Swift - efficient array searching

Question

I am trying to find a way to search an Int array (all numbers are > 0) and identify sequences where the sum of each element is a specific number. One element can be in more than one sequence.

This works:

let input = [2, 52, 23, 52, 28, 47, 13, 15]
let target = 75

var result: [[Int]] = []

let count = input.count
var start = 0

while start < count {
    for index in start..<count {
        let temp = Array(input[start...index])
        let sum = temp.reduce(0, +)
        
        if sum == target {
            result.append(temp)
            break
        }
        
        if sum > target {
            break
        }
    }
    
    start += 1
}


print(result) // [[52, 23], [23, 52], [28, 47], [47, 13, 15]]

However, when the array gets longer and the target higher, it obviously slows down. For instance an array of 10000 elements and a target of 400 takes about 2 seconds. The above example takes 0.008 seconds.

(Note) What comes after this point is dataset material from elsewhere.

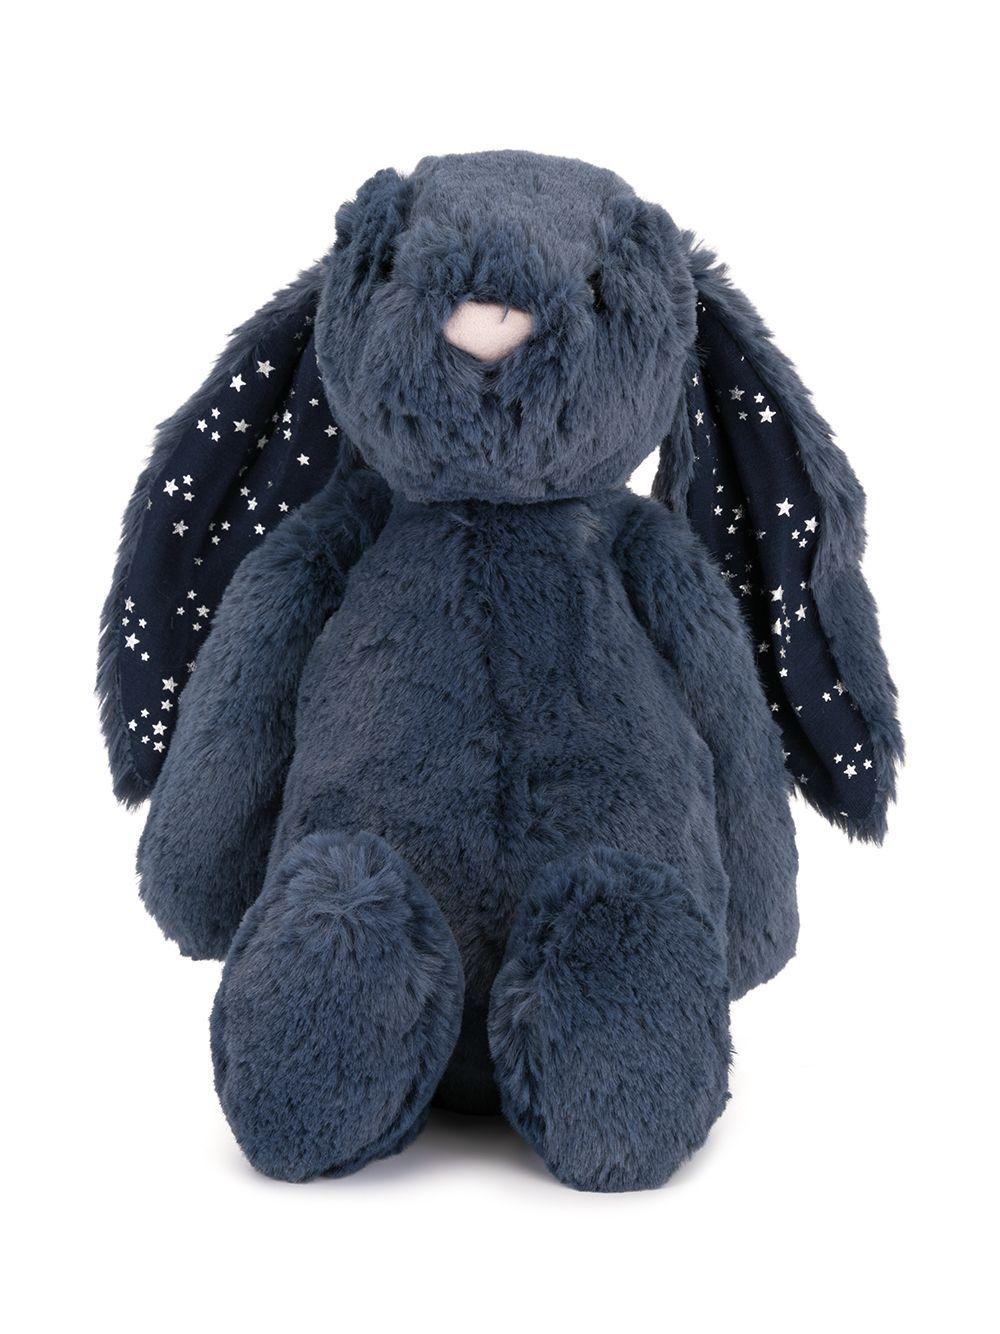 Jellycat Bashful Stardust Bunny Plush #bunnyplush Jellycat Bashful Stardust bunny plush - Blue #bunnyplush

Is there anyway I can improve on my code so that it doesn't slow down so much for larger arrays and targets?

Answer 1

Instead of putting everything into the “main” unit it is better to put the search algorithm in a dedicated function:

func subarrays(in input:[Int], withSum target: Int) -> [[Int]] {
    // ...
}

print(subarrays(in: [2, 52, 23, 52, 28, 47, 13, 15], withSum: 75))

That is clearer and allows to add test cases easily.

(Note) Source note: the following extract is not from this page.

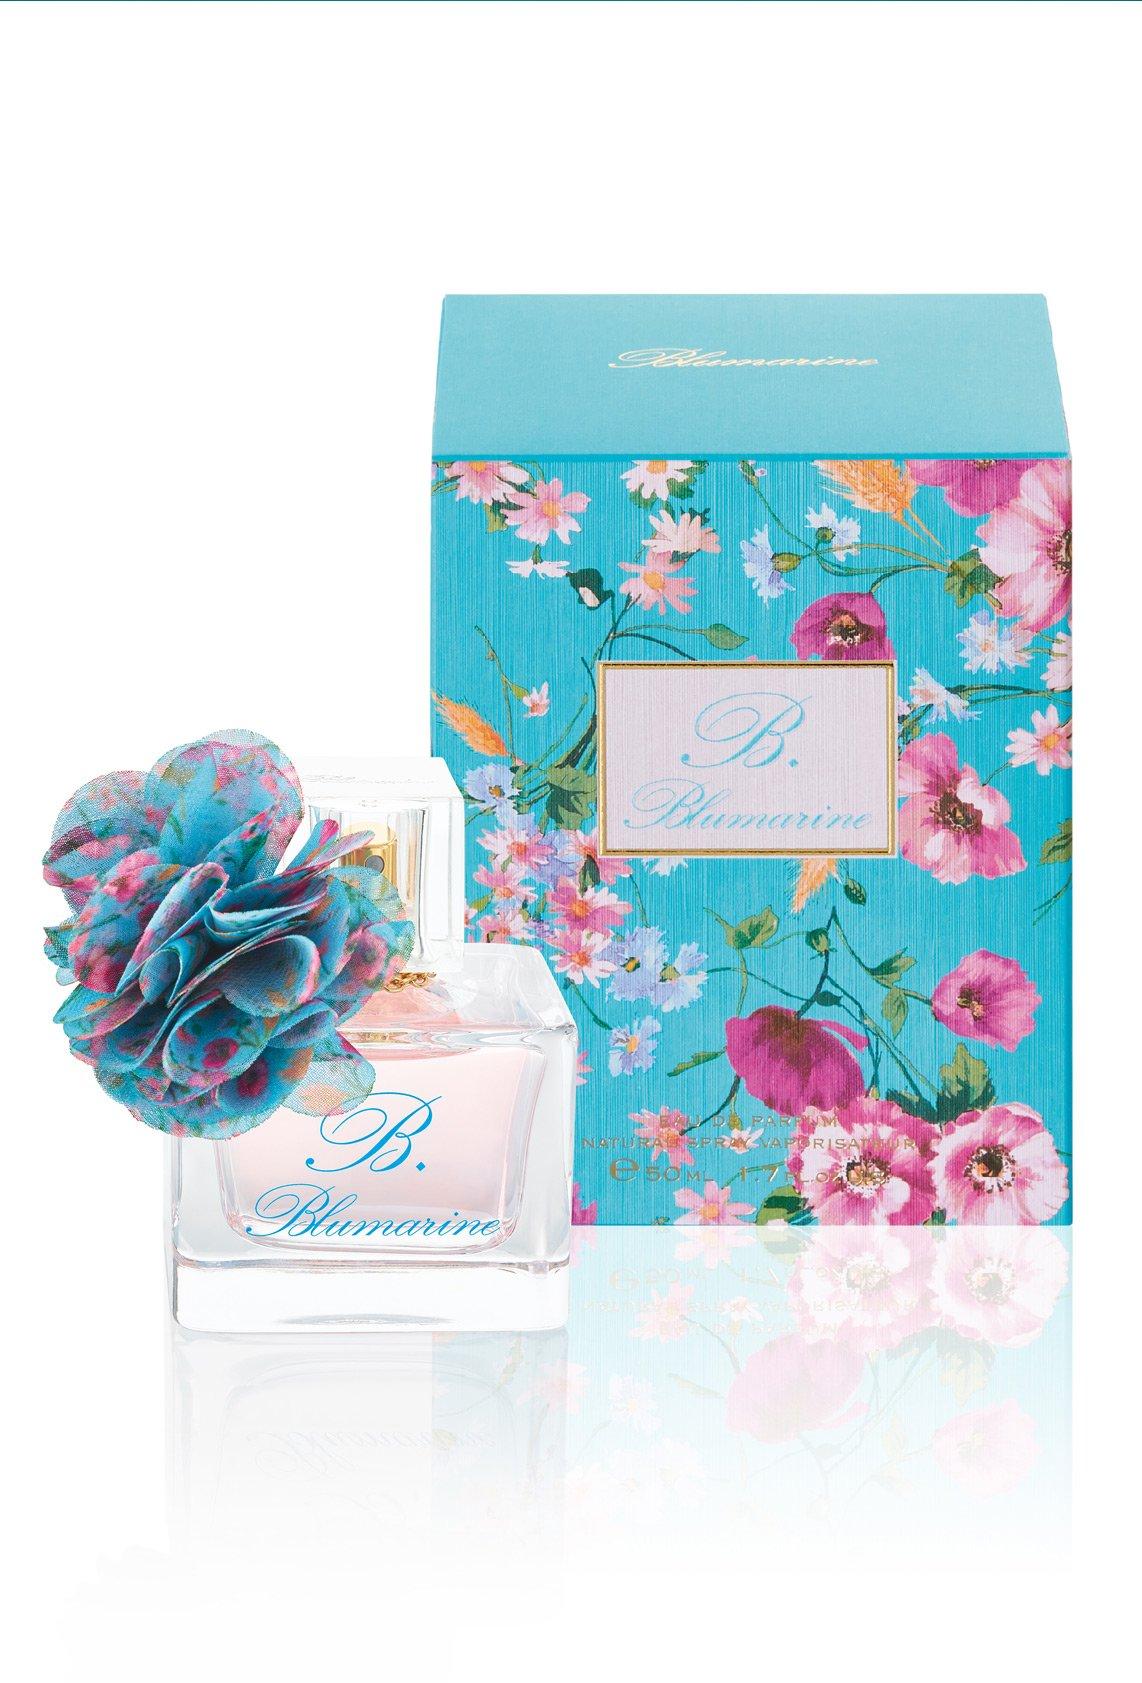 The new B. Blumarine Fragrance

You use a while loop for iterating over the start index, and a for loop for iterating over the end index. I would use a for loop for both.

If the lower index is called start end the upper index is better called end (alternatively: startIndex, endIndex or lowIndex, highIndex).

Since all input numbers are positive, a target <= 0 can never be achieved, so one can check that case first.

You add the input numbers between start and end index with reduce(), which can be done directly on the array slice. This saves some array creations (which copy the elements).

The code would then look like this:

func subarrays(in input:[Int], withSum target: Int) -> [[Int]] {
    if target <= 0 {
        return []
    }
    
    var result: [[Int]] = []
    let count = input.count
    for start in 0..<count {
        for end in start..<count {
            let sum = input[start...end].reduce(0, +)
            if sum == target {
                result.append(Array(input[start...end]))
                break
            }
            if sum > target {
                break
            }
        }
    }
    return result
}

Instead of calculating the sum over every slice one can update the sum when the end index is incremented. This allows to get rid of the reduce() call and reduces (!) the complexity from \$ O(N^3) \$ to \$ O(N^2) \$ (where \$ N \$ is the length of the input array):

func subarrays(in input:[Int], withSum target: Int) -> [[Int]] {
    if target <= 0 {
        return []
    }

    var result: [[Int]] = []
    let count = input.count
    for start in 0..<count {
        var sum = 0
        for end in start..<count {
            sum += input[end]
            if sum == target {
                result.append(Array(input[start...end]))
                break
            }
            if sum > target {
                break
            }
        }
    }
    return result
}

But there is a better algorithm: Instead of two nested loops it suffices to increment the end index if the current sum is too small, and to increment the start index if the current sum is too large. The current sum is always kept up to date by incrementing or decrementing it accordingly:

func subarrays(in input:[Int], withSum target: Int) -> [[Int]] {
    var result: [[Int]] = []

    let count = input.count
    var start = 0
    var end = 0
    var sum = 0
    // Loop invariants: 
    //    0 <= start <= end <= count
    //    sum = input[start] + ... + input[end - 1]
    while start < count {
        while end < count {
            sum += input[end] ; end += 1
            if sum == target {
                result.append(Array(input[start..<end]))
                break
            } else if sum > target {
                break
            }
        }
        while start < end {
            sum -= input[start] ; start += 1
            if sum == target {
                result.append(Array(input[start..<end]))
                break
            } else if sum < target {
                break
            }
        }
    }
    return result
}

Documenting the loop invariants help to understand the logic of the nested while loops.

This algorithm has \$ O(N) \$ complexity, and should be considerably faster for large arrays.